At both Nonclassical and Blank Canvas events, the programming retains an emphasis on the experimental. Nonclassical's monthly nights at The Macbeth aim to represent the wide field of contemporary classical composition, featuring mainly (but not exclusively) performances from conservatoire trained musicians in live 20-minute sets. These are interspersed with DJ slots (often performed by Richard Lannoy) which play a range of Musique Concrète, American Minimalism, sometimes remixed with a house (dance) beat underneath, and, of course, remixes off the Nonclassical label.
Sometimes Nonclassical nights celebrate a work with particular significance to experimental music, with eclecticism sill high on the agenda. May's 'Pierrot Grenade: 100 years of Pierrot Lunaire', featured a performance using five Pierrots, from renowned interpreted Jane Manning and extended vocal techniques specialist Lore Lixenberg to heavy metal frontman-cum-contemporary composer Adam De La Cour.
For Blank Canvas, unusual genre-combinations have been a hallmark from the offset. Dutta burst on the scene in 2005 with an event (later to become Blank Canvas) for which he commissioned Nonclassical's Prokofiev to unite contemporary classical with hip-hop in the Concerto for Turntables & Orchestra – a project which brought together DJ Yoda and the Heritage Orchestra for a sell-out performance, and went on to be performed at the BBC proms.

For those wondering, opera hasn't been left off the independent agenda. Carmen Elektra, founded by Cambridge students in March 2010, moved to London, post-graduation, and into converted warehouse The Bussey Building in recently-gentrified Peckham. The latest instalment featured Timberbrit: Jason Cooper's opera involving Brittany Spears (Lucy Cronin) in the throws of a psychotic breakdown, whilst her former lover Justin Timberlake (Josh Bevan) attempts to win back her affections.
The work – which takes various songs by the two featured pop stars, and slows them down digitally beyond recognition – bridges the popular and classical worlds in an a way which does not attempt to find a middle-ground, but, apparently, uses it as a springboard for musical experimentation. And we can expect more of this to follow: the format of Carmen Elektra is similar to that of Nonclassical, where sections of live performance are interspersed with DJ sets, although the aim for further performances is to find a way whereby DJ sets will be fully integrated into a seamless whole.

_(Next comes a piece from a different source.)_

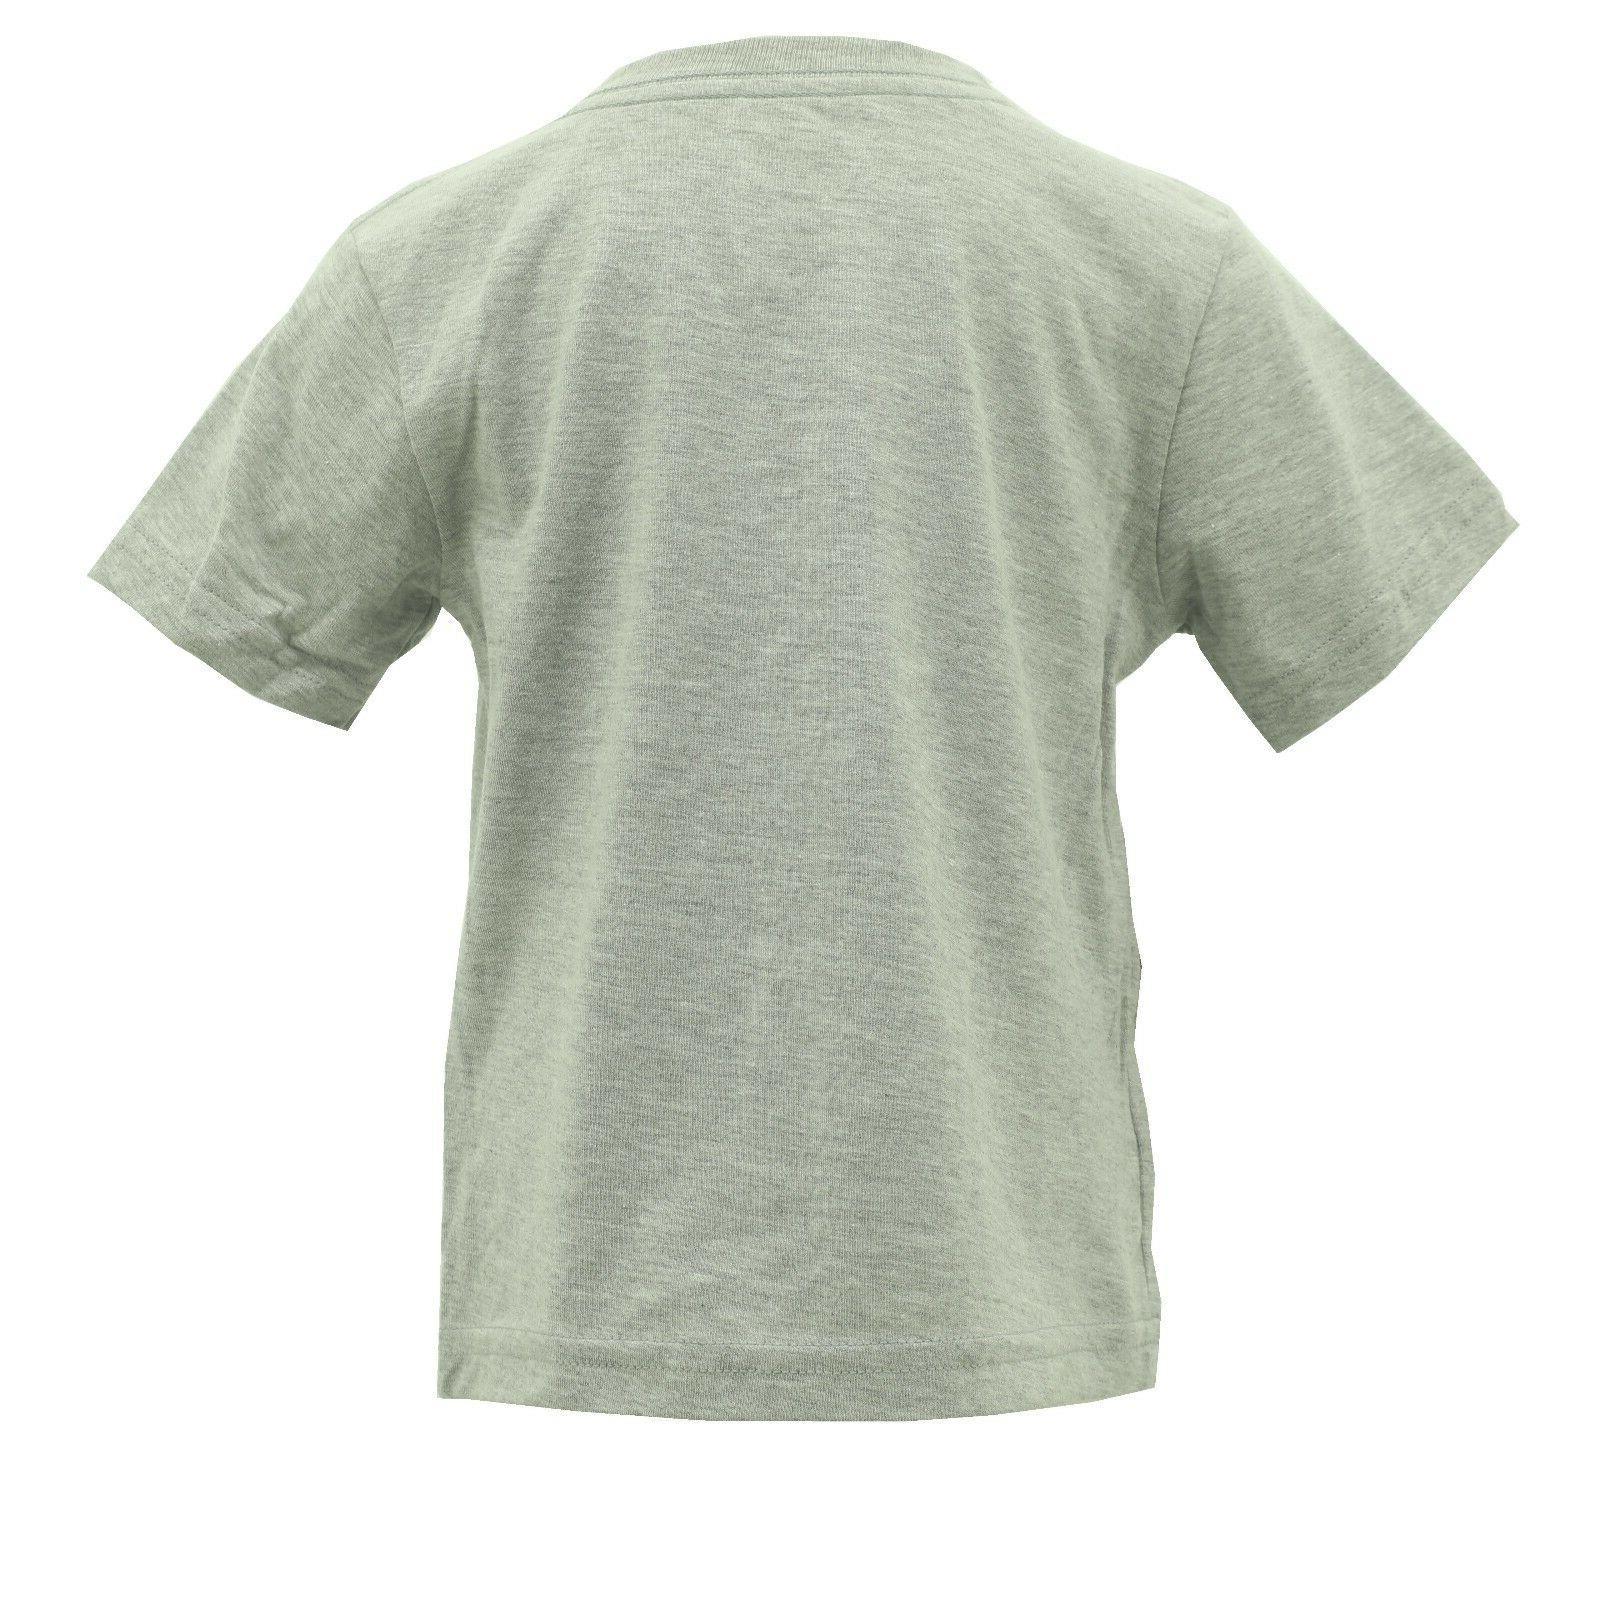 Arizona Apparel infant T-shirt New Tags

Slightly off the contemporary classical kilter, but with a similar ethos is Cafe Oto, which has been operating in East London's Dalston since it was launched by Hamish Dunbar and partner Keiko Yamomoto in 2008. 'Oto' means sound or noise in Japanese, and unlike the other organisations mentioned, Cafe Oto does not want to be associated with just one musical scene, but showcases underground folk, improvised music, free jazz, and electronica – namely, music which wouldn't get as much of a focus anywhere else.

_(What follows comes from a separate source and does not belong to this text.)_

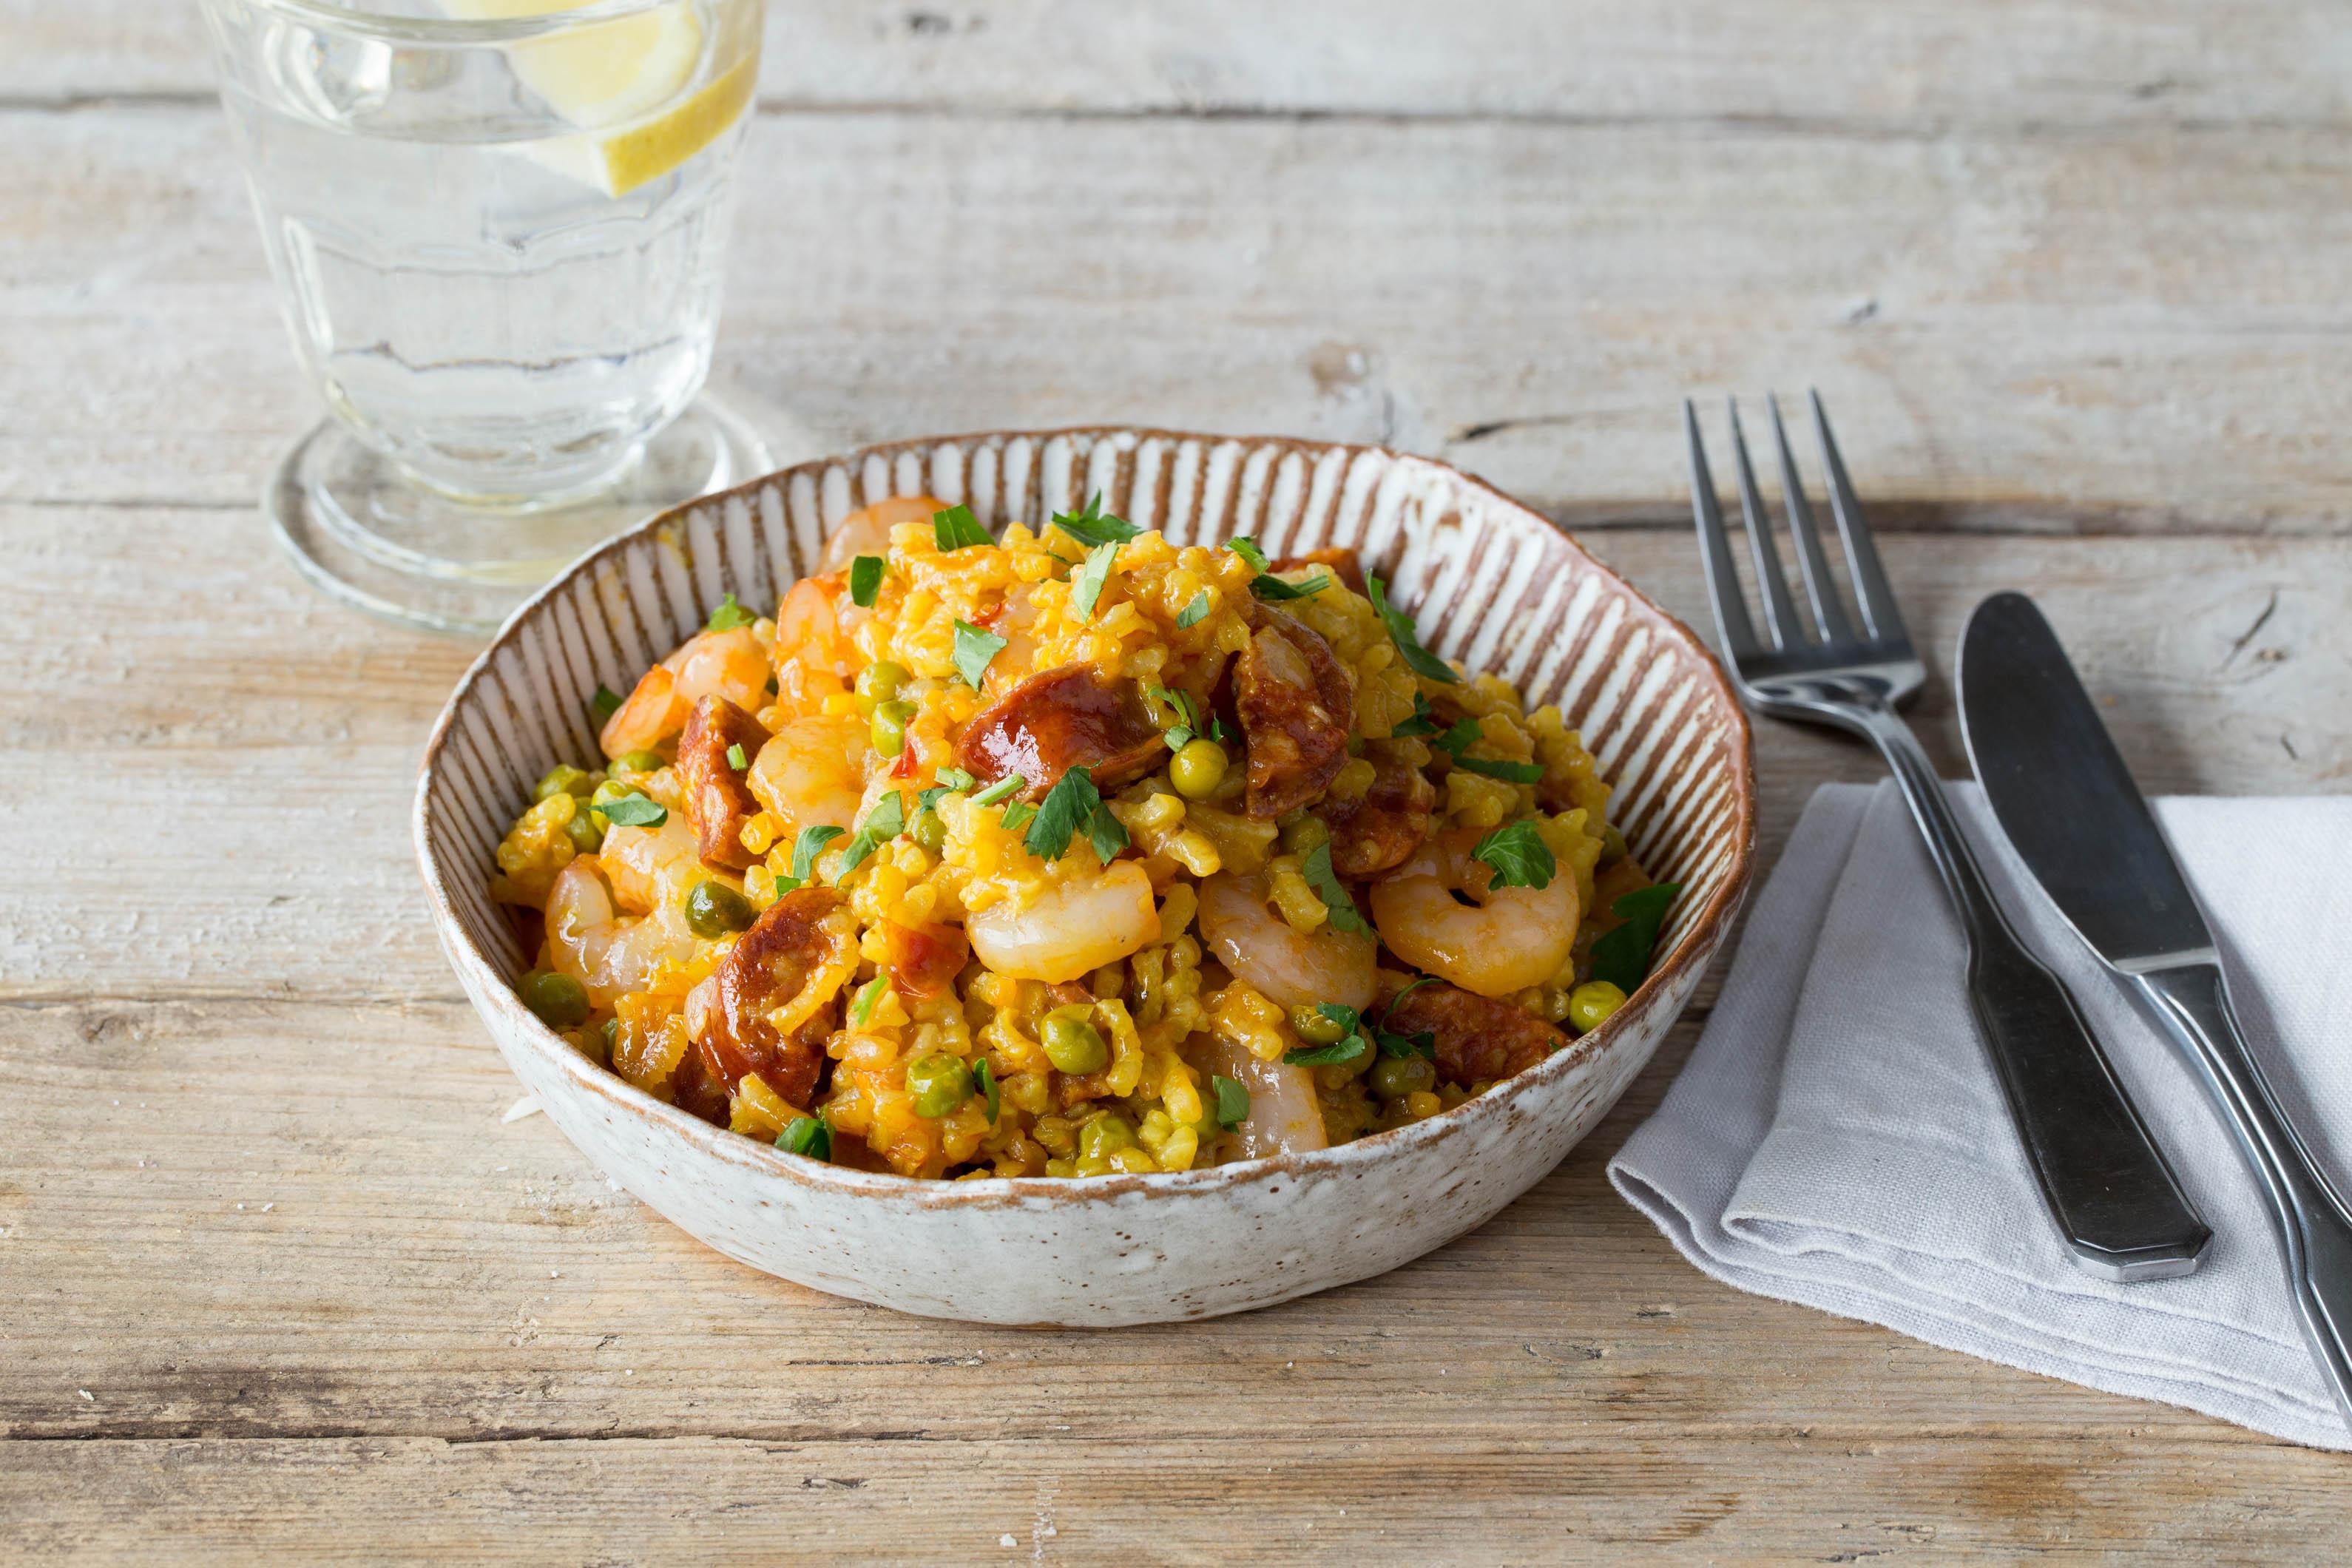 Shrimp and Chorizo Paella with Saffron, Smoked Paprika, and Peas

Oto's contemporary classical has, thus far, been highly successful. A recent sell-out, featured an evening of deep listening, including Pisaro, Cage and Saunders, played by Murmuration, a 40-strong ensemble who performed the works spread through the cafe, integrated with the audience.
And one last organisation which should definitely be given a mention is The Orchestra Project. Also known as The Rite of Spring Project, it launched in 2011 with a performance of Stravinsky's masterpiece in the alternative venue of Peckham Rye's Multi-story Car park. The project also does outreach work around Peckham, to introduce classical music to school children who might not otherwise get a chance to hear it.
All in all, it's pretty evident that underneath the institutionalisedS granny-graphics and pomp and circumstance that classical music has occasionally tended to, contemporary classical is operating with a different cultural currency. I'm not normally one for copping out, but, hype? No spoiler: go and find out for yourselves.